Re: Recovering a Bugeye dashboard - tips?

Thanks Roy.

Would you patch and fill the radio cut out including the slots for the radio cut out, or is that over kill?
 
Re: Recovering a Bugeye dashboard - tips?

I filled the holes that weren't original on my '63 Midget dash..then, I covered them with a skim coat & primed with a good 2-part epoxy & painted black before covering with black vinyl (backed by a thing layer of foam - maybe 1/8" or less)...I left the factory radio slots just in case I decide later on to add a radio.
 
Re: Recovering a Bugeye dashboard - tips?

Right, I would not bother the cut outs for the radio just in case you want to install one later. The PO of my BE did a real hatchet job when they installed a radio. I ended up having to cut the entire radio opening out beyond the edges and then welded in a piece to fill, then blended the whole thing in smooth using lead. I'm not installing a radio but any future owner can and have a decent starting point now.
Roy
 
Re: Recovering a Bugeye dashboard - tips?

Just one word of caution. Its amazing what will show thru the vinyl when your done!!
KA
 
Re: Recovering a Bugeye dashboard - tips?

Were they all vinyl covered? Were some crackled painted? I have one I might redo someday, same issue with the radio cut out, someone hacked it up. I also don't know how you go about refurbing the padded cowling along the top and bottom. I have a bottom piece on it but no top. Mine is currently made of wood and looks pretty nice but, well, not "correct" not that it matters much.
dash.jpg
 
Re: Recovering a Bugeye dashboard - tips?

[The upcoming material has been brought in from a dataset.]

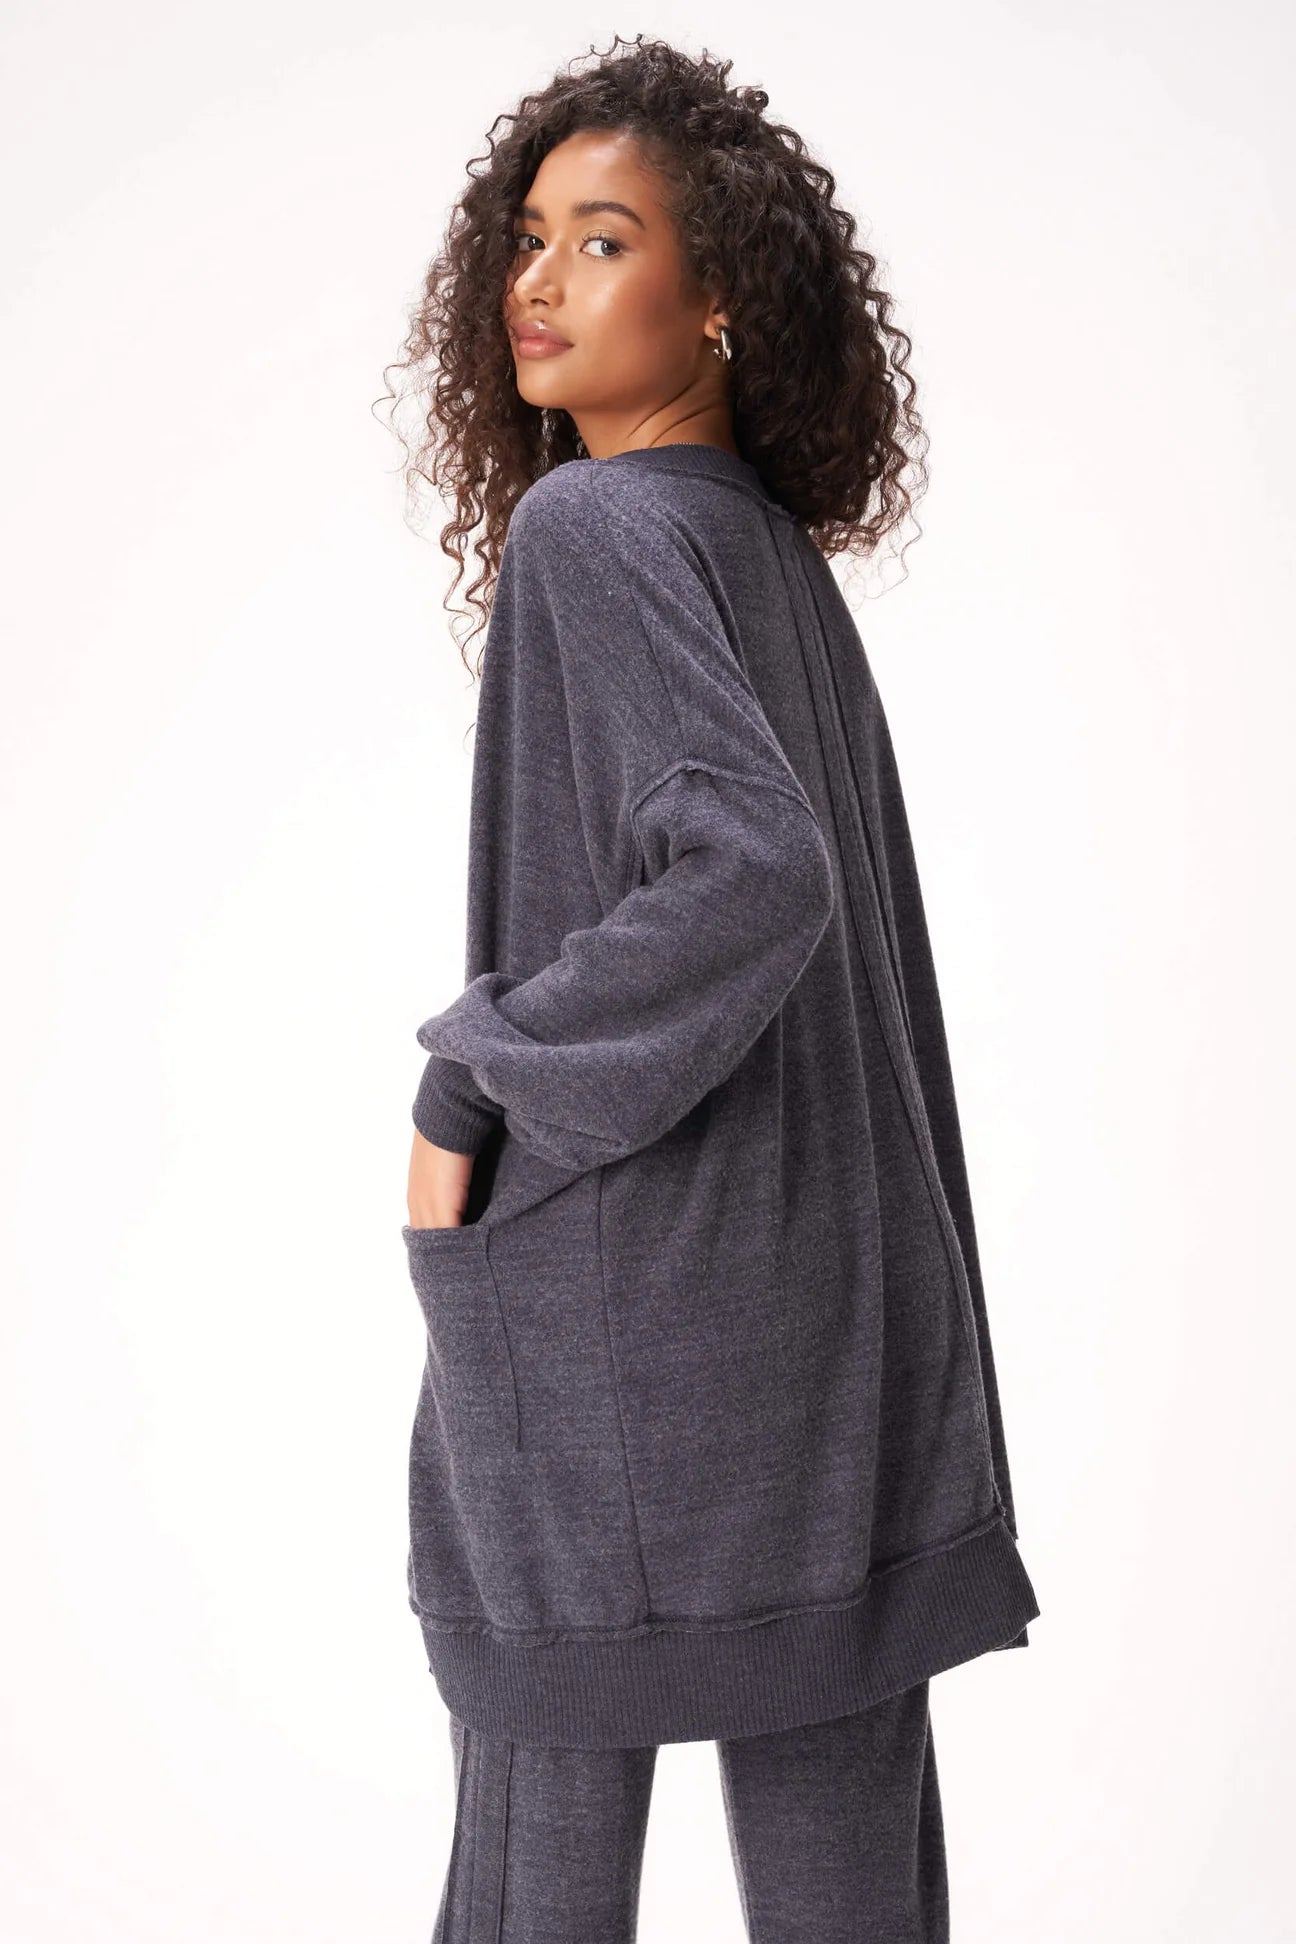 Just Relax Heathered Cozy Seamed Cardigan

KA - what Tony outlined should do the trick, right? (assuming it is properly done).

The reference material I have shows that all Bugeyes had a vinyl dash covering. Can't speak for Midgets or later Sprites...
 
Re: Recovering a Bugeye dashboard - tips?

My MK1 Midget dash and my MK2 Sprite dash are the same, vinyl covered steel dash.
My MK1 Midget is a very original specimen, the body is rusted underneath but the dash and many other things on it are priceless to have for reference purposes.
The dash on my Sprite was cut by some hacksaw wielding ape-man DPO in the past, the vinyl covers the hole but I'm afraid someone is going to out their hand (or a tool or ??) through it.
I'd kind of like to pull the dash from the Midget and put it in the Sprite if the radio still works. I need to take a battery out there & connect it up and see what happens. After sitting so long I don't have much hope that it still works but who knows?